The Board of Resolution confirms that it is considering a possible offer for the entire issued (and to be issued) share capital of Friends Provident in connection with this consolidation strategy and has approached the Friends Provident Board in this regard.

Although Resolution’s proposal was not considered to be acceptable by the Board of Friends Provident, Resolution received constructive feedback from Friends Provident and its advisers and is considering its response. No decision has been made by Resolution to make an offer for Friends Provident.

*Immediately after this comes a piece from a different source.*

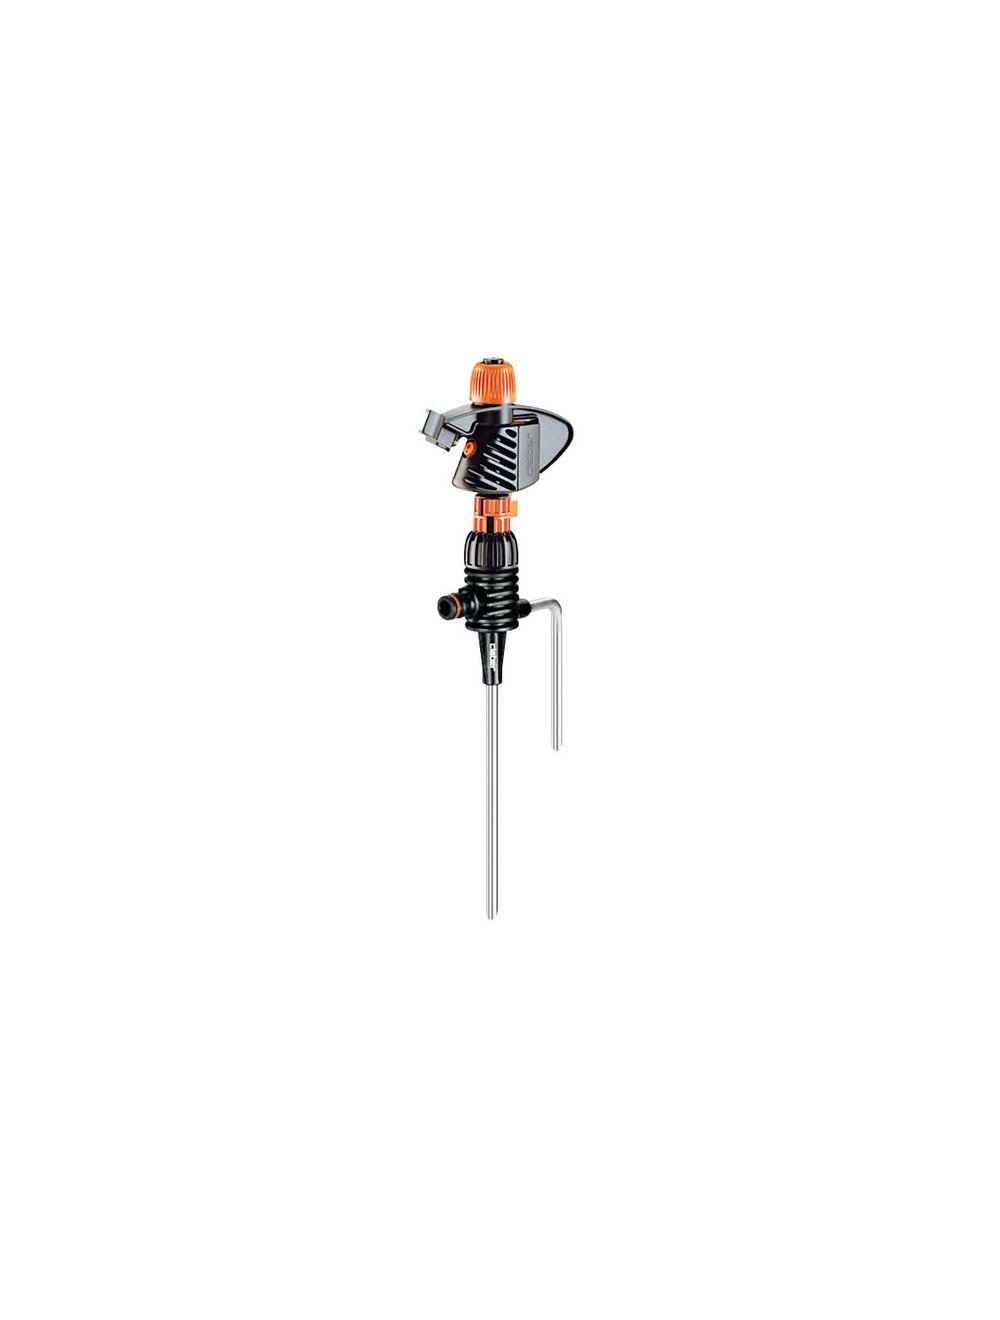 Impact Spike Claber 8707

Any offer that is made by Resolution is likely to be primarily a share exchange offer, but with a partial cash element made available to all Friends Provident shareholders from Resolution’s existing cash resources.

The Resolution Board recognises that Friends Provident has a broad shareholder base, including retail investors and investors who have a preference for receiving income, and intends to take this into account in formulating any offer and its post-acquisition dividend policy.

Resolution reserves the right to amend any or all elements of its possible offer, including, but not limited to, the amount and mix of consideration between shares and cash.

So, what price will Resolution need to offer to get a recommendation from the board of FP?

FP currently trades at around 50 per cent of its embedded value and according to Reuters the consensus target price of analysts is just over 81p.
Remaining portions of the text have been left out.